We advise all of our clients to thoroughly prepare for their trip to the U.S. and their inspection upon application for admission.  H-1B and L-1 visa holders should review all pertinent documents to their petition and to consider carrying evidence to support the assertions made in the petition filed on their behalf by their employer.  In addition, the H-1B or L-1 employers must be prepared for telephone inquiries from CBP officers at ports of entry to confirm the assertions made in any nonimmigrant petition and supporting documentation.  Finally, employers should ensure that public information, such as websites and/or other materials, may be consulted by CBP agents to determine whether a particular H-1B or L-1 petition is valid.

Feb
3
USCIS to Accept H-1B Filings without Certified LCA or Late H-1B Filings

We wrote in late October and early November of 2009 about the USCIS Ombudsman’s recommendation that USCIS (1) accept H-1B filings without a certified LCA but with a proof of filed and pending LCA and (2) to excuse late H-1B filings where the delay in filing was caused by pending LCA or employer’s Federal Employed Identification Number (“FEIN”) verification.

In November of 2009, USCIS agreed to temporarily (for a period of 120 days) create a policy in line with the USCIS Ombudsman’s recommendations.   In a Memorandum dated as of January 28, 2010, by Alejandro Mayorkas addressed to the USCIS Ombudsman, USCIS announces that it will make permanent policy changes in line with the October 2009 Ombudsman recommendations.

USCIS Will Accept H-1B Petition With Evidence of Initial LCA Filing

H-1B petitions will be accepted with evidence of initial LCA filing if the H-1B has been filed at least 7 calendar days after the LCA was filed with DOL.   The petitioner must include a copy of the LCA submission’s email confirmation as evidence.

Petitioners who seek to use this H-1B filing procedure must wait until they receive an RFE before they can submit the already DOL-certified LCA in support of the H-1B filing.  The certified LCA must be the same LCA which was filed with the original H-1B petition, unless the petitioner provides an LCA which was certified prior to the submission of the H-1B petition.

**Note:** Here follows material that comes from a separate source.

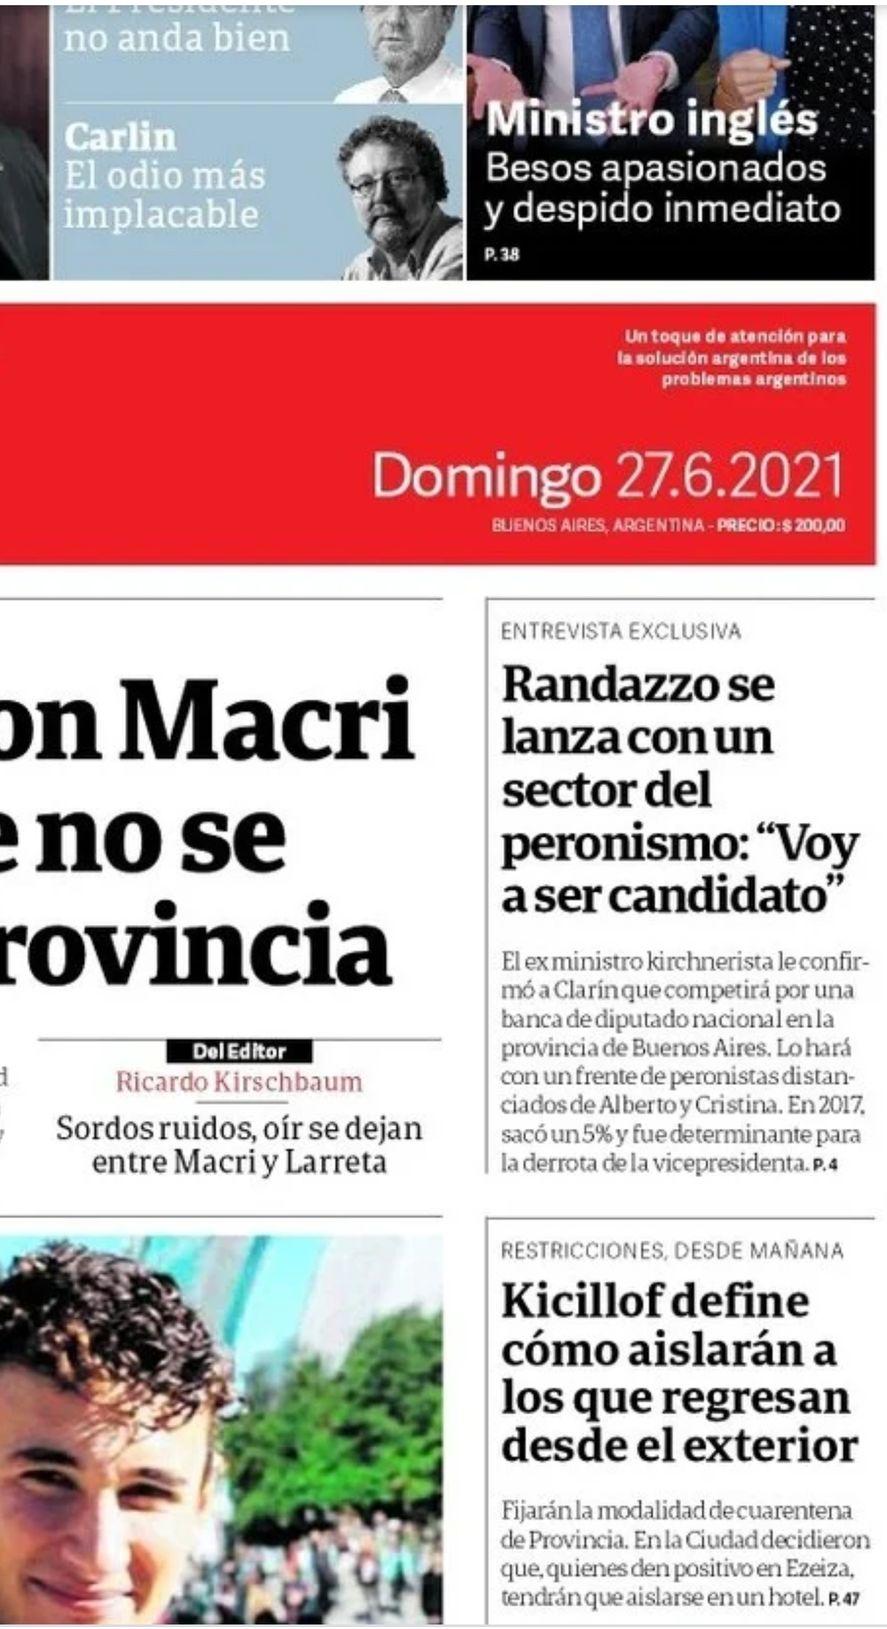 La tapa de Clarín de hoy refleja la candidatura a diputado nacional de Florencio Randazzo

Late Filings Due to LCA/FEIN Verification Delays Should Be Excused

In addition, USCIS has confirmed that it will continue to excuse late H-1B filings under 8 C.F.R. 214.1(c)(4) or 8 C.F.R. 248.1(b) when the delay in filing of the H-1B petition requesting an extension of H-1B stay or change of status to H-1B was related to LCA issuance delays beyond the control of the petitioner and/or denials by DOL due to employer’s FEIN verification issues.

Jan
28
AAO Processing Times Report (January 4, 2010)

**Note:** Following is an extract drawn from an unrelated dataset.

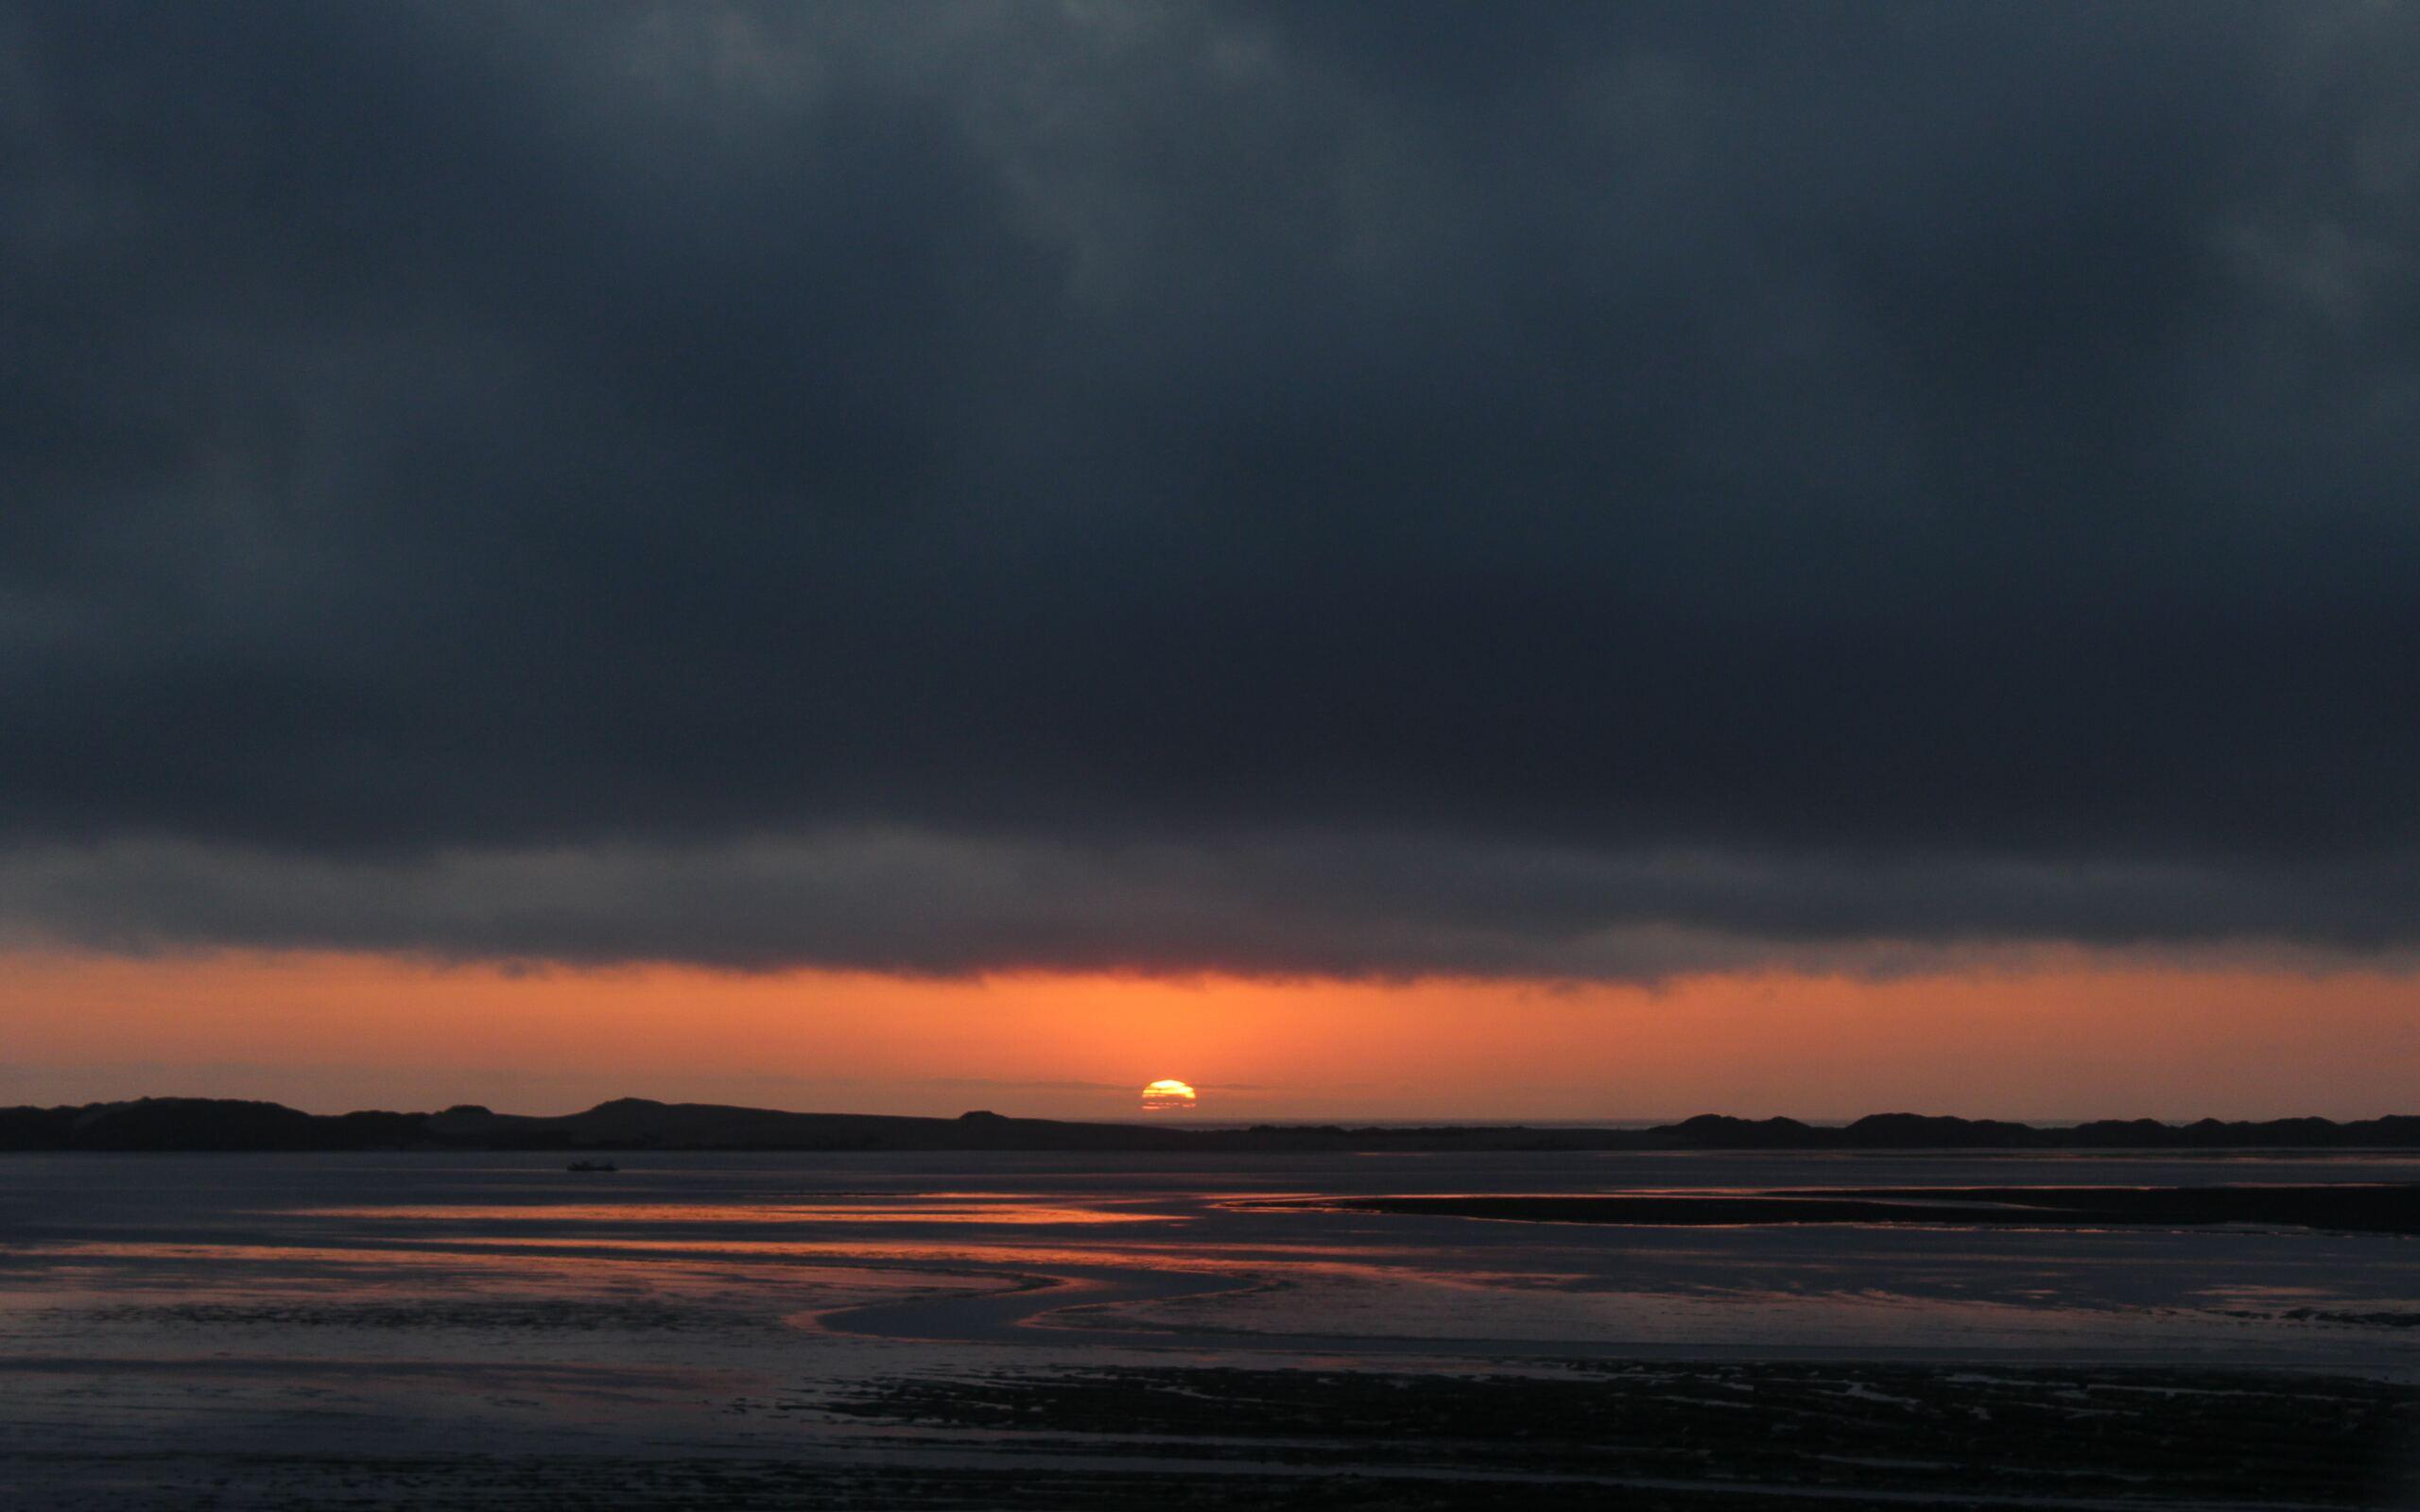 black-gray-clouds-during-golden-hour-5k-jk.jpg

Our office handles a fair amount of appeals with the Administrative Appeals Office (AAO) and we often receive inquiries not only about about the procedural aspects of an AAO appeal but also about the current processing times for AAO cases.

About the AAO

The AAO is an appeals office which handles appeals of certain decisions made by USCIS field offices and regional procssing centers.  The Freedom of Information Act (FOIA) requires that all AAO decisions be made available to the public.  As a result, AAO decisions are accessible in reading rooms at USCIS headquarters here in Washington, DC and at field offices.  Also, some (but not all) AAO decisions are available online.

Current AAO Processing Times

USCIS has released the average processing times for cases pending at the Administrative Appeals Office (AAO) as of January 4, 2010.  Overall, there is not much change in comparison to the December 2, 2009 report.

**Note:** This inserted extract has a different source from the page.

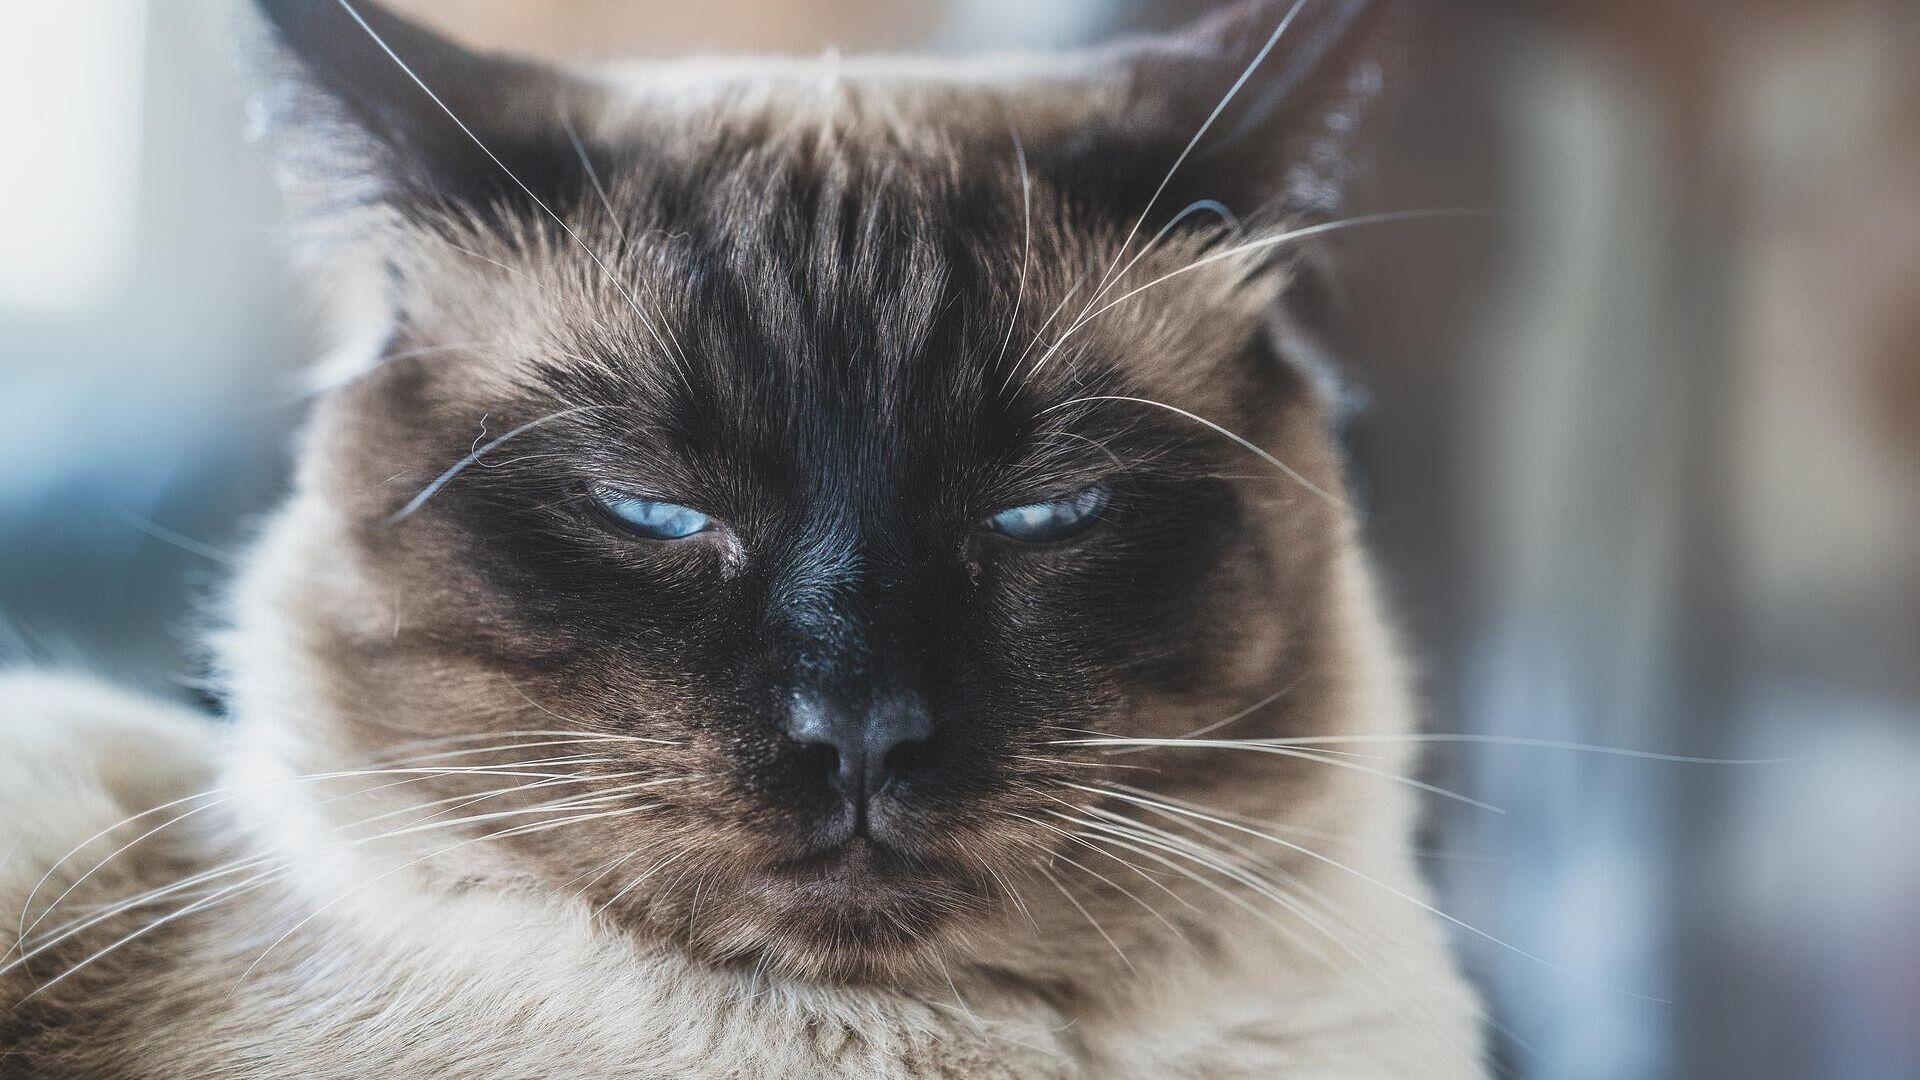 Un gato descontento - Sputnik Mundo, 1920, 04.03.2021

Among the most notable AAO processing times:

  • H-1B appeal takes 13 months (increase by one compared to December 2, 2009);
  • I-140 EB1 Extraordinary Ability takes less than 6 months (no change), Multinational Manager or Executive takes 11 months (no change) while EB1 Outstanding Professor or Researcher category is current (meaning less than 6 months);
  • I-140 EB2 (Advanced Degree) takes 24 months (two months improvement) while EB2 (NIW) takes 6 months (or current, meaning less than 6 months); and
  • I-140 EB3 Skilled Worker takes 23 months (no change) while EB3 Other Worker takes 23 months on appeal (no change).